By: Jonathan Wachter, Lead Soil Scientist at The Carbon Cycle Institute

September 2021

In August the Intergovernmental Panel on Climate Change (IPCC) released the first part of its Sixth Assessment Report entitled The Physical Science Basis providing a synthesis of the latest science on climate change since the IPCC’s last assessment was completed in 2014.

The report comes to some very clear conclusions—that many of the effects of global climate change are already being felt around the world, and they will continue to grow in severity unless greenhouse gas emissions are immediately and dramatically cut. Even under the best scenario—described as “sustainability-focused growth and equality”—global temperatures are expected to exceed 1.5°C above pre-industrial levels by the middle of the century. And while warming temperatures could be gradually reversed, other climate change impacts like global sea level rise and shrinking ice sheets will continue their trajectory for decades to millennia.

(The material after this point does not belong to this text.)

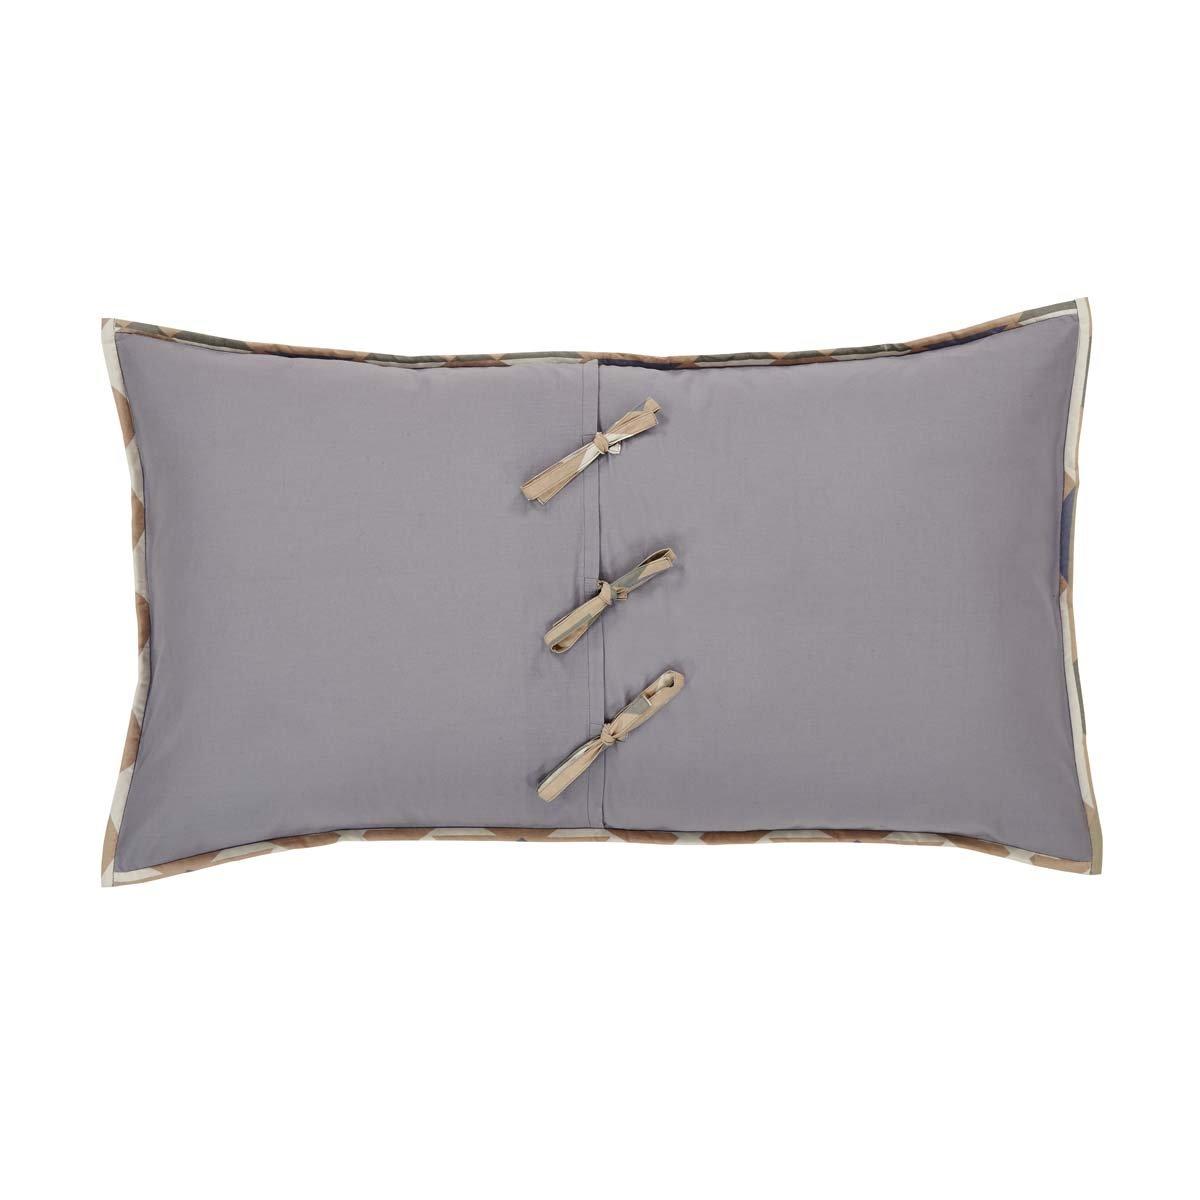 Grey El Dorado Pink Sham King 29759 VHC Brands Boho /& Eclectic Rustic /& Lodge Bedding

The report is a stark reminder of the importance of carbon farming. We know that agriculture can and must play a significant role in sequestering atmospheric CO2 and in reducing its greenhouse gas emissions. At the same time, farms and ranches must adapt to a changing climate. The western United States is already experiencing unprecedented drought, heat, and fires, and these climate change impacts are only predicted to continue.

Fortunately, many of our most valuable tools in sequestering carbon are also our most valuable tools in adapting to climate change and building agroecosystem resilience. Building soil organic carbon levels through, for example, compost additions, reduced tillage, and cover crops helps soil to more effectively soak up and hold onto valuable water. Agroforestry projects like windbreaks and silvopasture sequester carbon in woody biomass, provide shelter from wind and heat, and reduce the evaporative loss of water. These are just a few examples of practices in the carbon farming toolkit.

In the coming months, the IPCC will be releasing the second and third parts of its latest climate assessment entitled Impacts, Adaptation and Vulnerability and Mitigation of Climate Change. We expect to learn even more about the important roles of agriculture in mitigating and adapting to a changing climate.